ECLI:NL:RBAMS:2019:8075

Rechtbank Amsterdam

Datum uitspraak
29 oktober 2019
Publicatiedatum
29 oktober 2019
Zaaknummer
13/751676-19
Instantie
Rechtbank Amsterdam
Type
Uitspraak
Procedures
  • Eerste en enige aanleg
Vindplaatsen
  • Rechtspraak.nl
AI samenvatting door LexboostAutomatisch gegenereerd

Overlevering toegestaan op basis van Europees aanhoudingsbevel

Op 29 oktober 2019 heeft de Rechtbank Amsterdam uitspraak gedaan in een zaak betreffende de overlevering van een opgeëiste persoon op basis van een Europees aanhoudingsbevel (EAB). De vordering tot overlevering was ingediend door de officier van justitie op 21 augustus 2019 en betreft een verzoek van de onderzoeksrechter in de Nederlandstalige rechtbank van eerste aanleg Brussel, België. Het EAB was uitgevaardigd op 10 juli 2019 en strekt tot de aanhouding en overlevering van de opgeëiste persoon, die zowel de Nederlandse als de Surinaamse nationaliteit heeft. Tijdens de openbare zitting op 15 oktober 2019 werd de identiteit van de opgeëiste persoon bevestigd en werd vastgesteld dat hij zich schuldig heeft gemaakt aan feiten die onder de lijst van bijlage 1 van de Overleveringswet vallen, waaronder deelneming aan een criminele organisatie en illegale handel in verdovende middelen.

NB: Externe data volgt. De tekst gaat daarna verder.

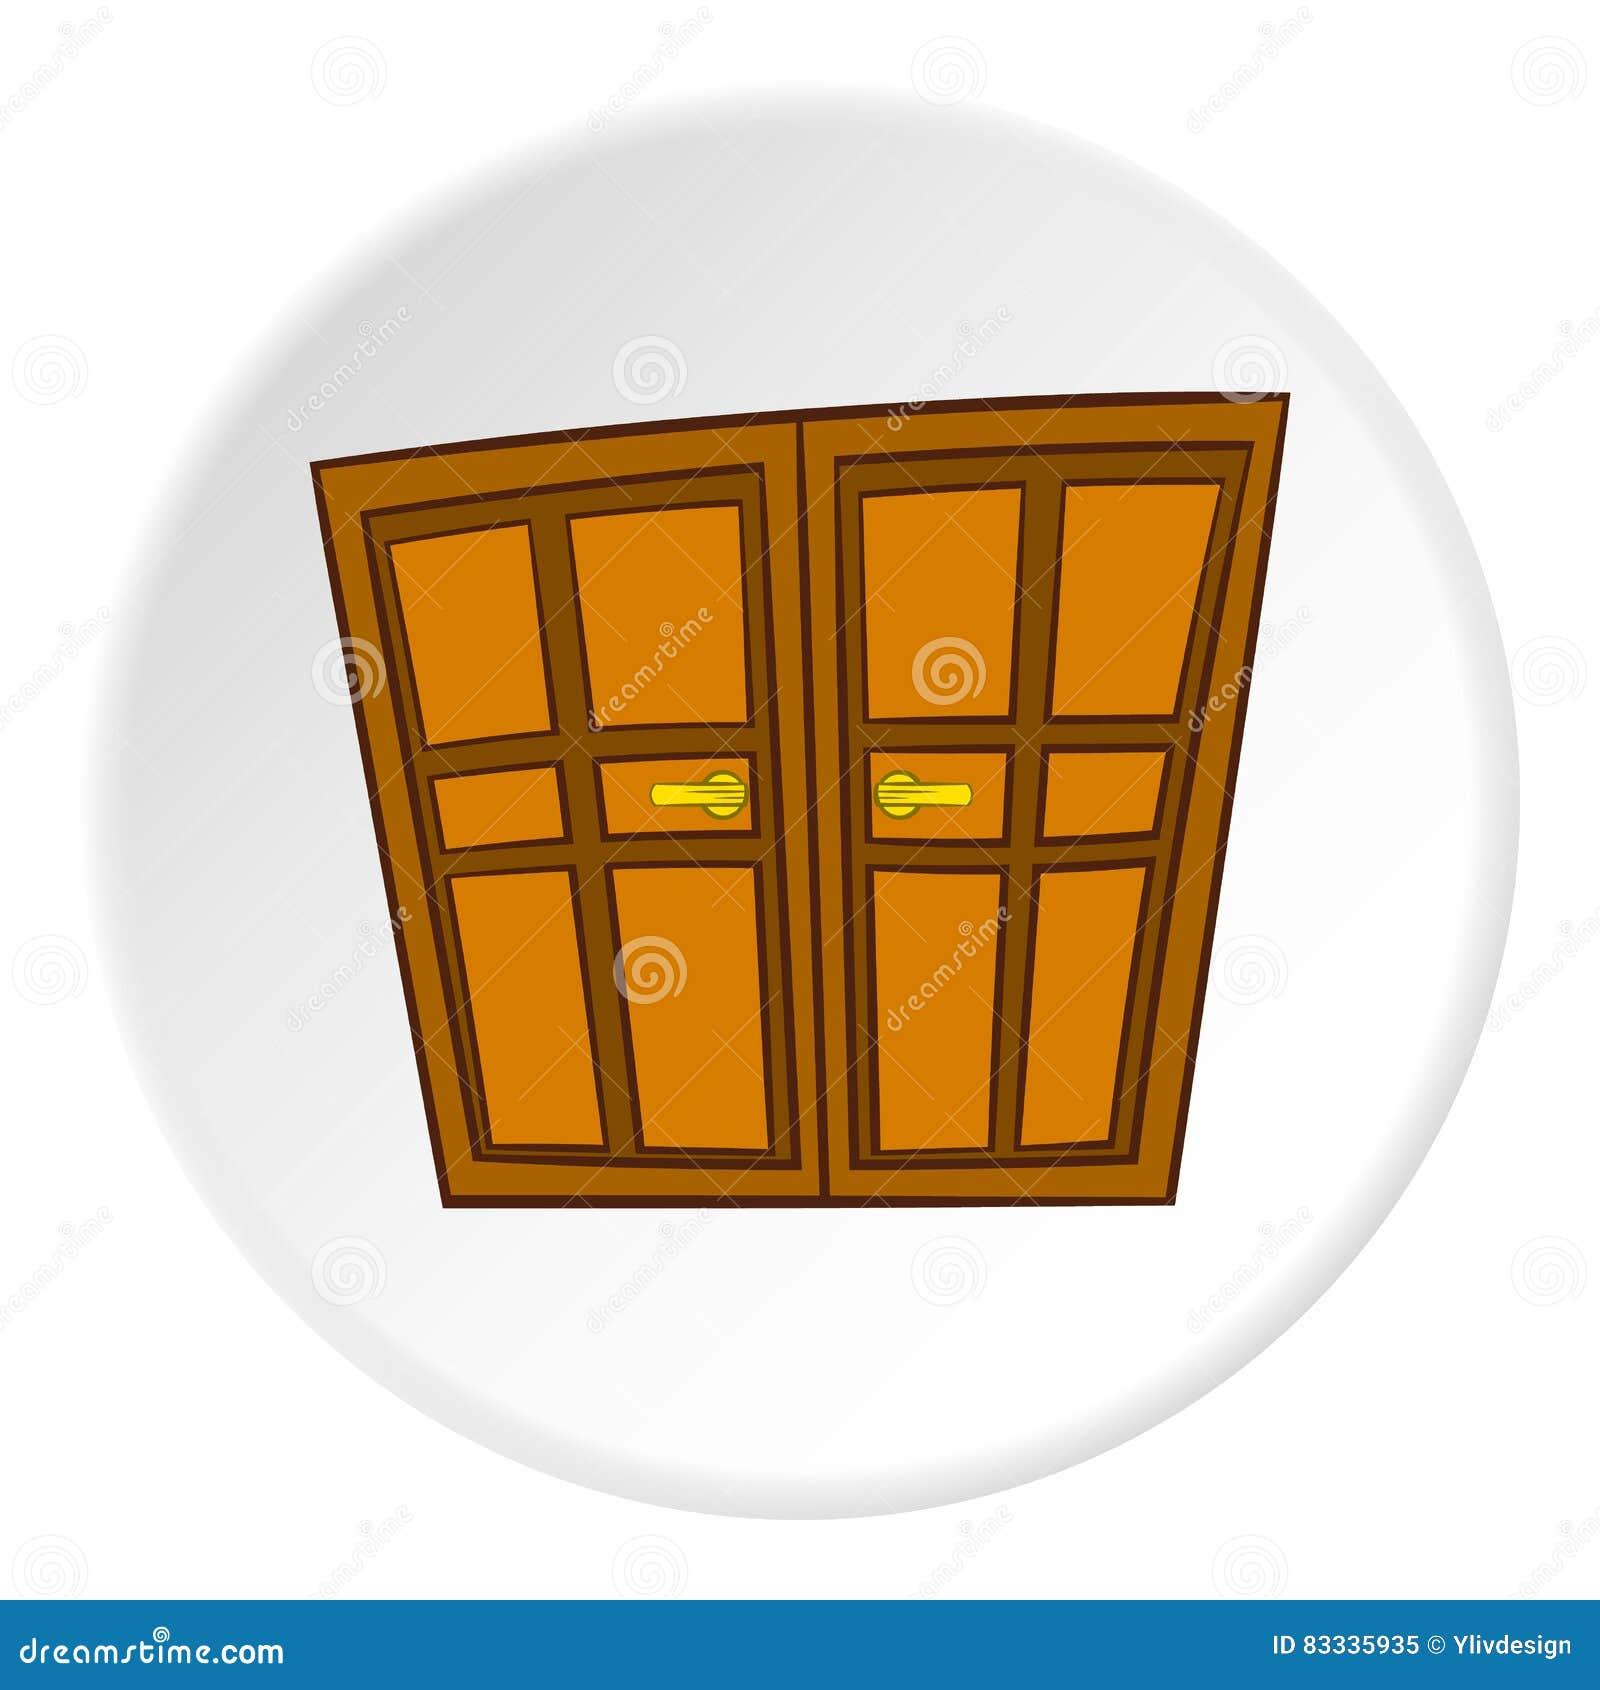 Double Door Icon, Cartoon Style Stock Vector - Illustration of house on
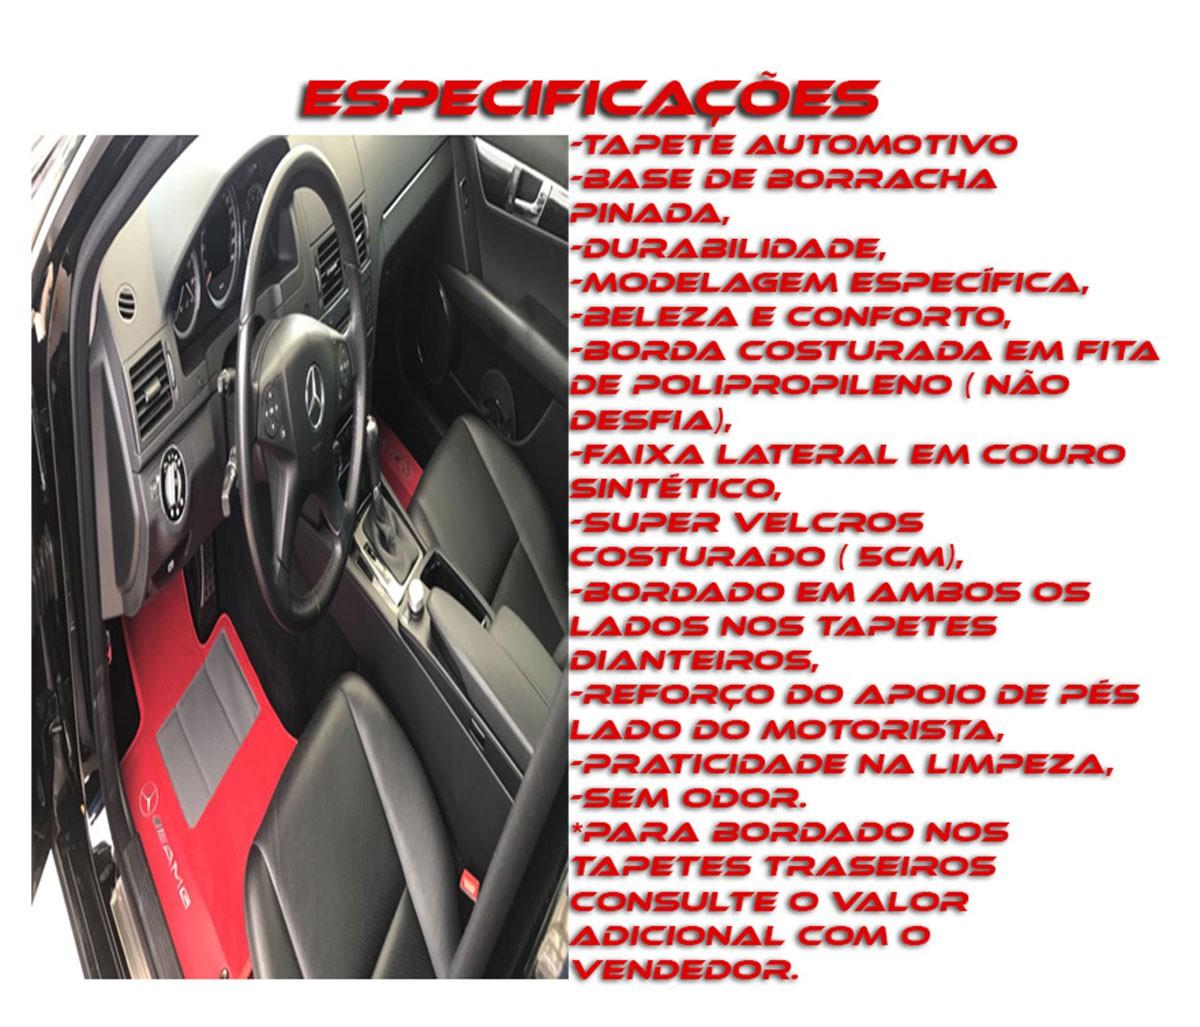 Tapete Bmw 323 325 328 120 M3 X1 Carpete  Luxo  Base Pinada

De rechtbank heeft de garantie van de Procureur des Konings in België als voldoende beoordeeld, waarbij werd bevestigd dat de opgeëiste persoon na veroordeling in België naar Nederland kan terugkeren om zijn straf daar uit te zitten. De rechtbank heeft ook overwogen dat er geen weigeringsgronden zijn die de overlevering in de weg staan, ondanks dat het bewijs en de medeverdachten zich in België bevinden. De officier van justitie heeft argumenten aangevoerd om van deze weigeringsgrond af te zien, en de rechtbank heeft geoordeeld dat de overlevering aan de Belgische autoriteiten moet plaatsvinden.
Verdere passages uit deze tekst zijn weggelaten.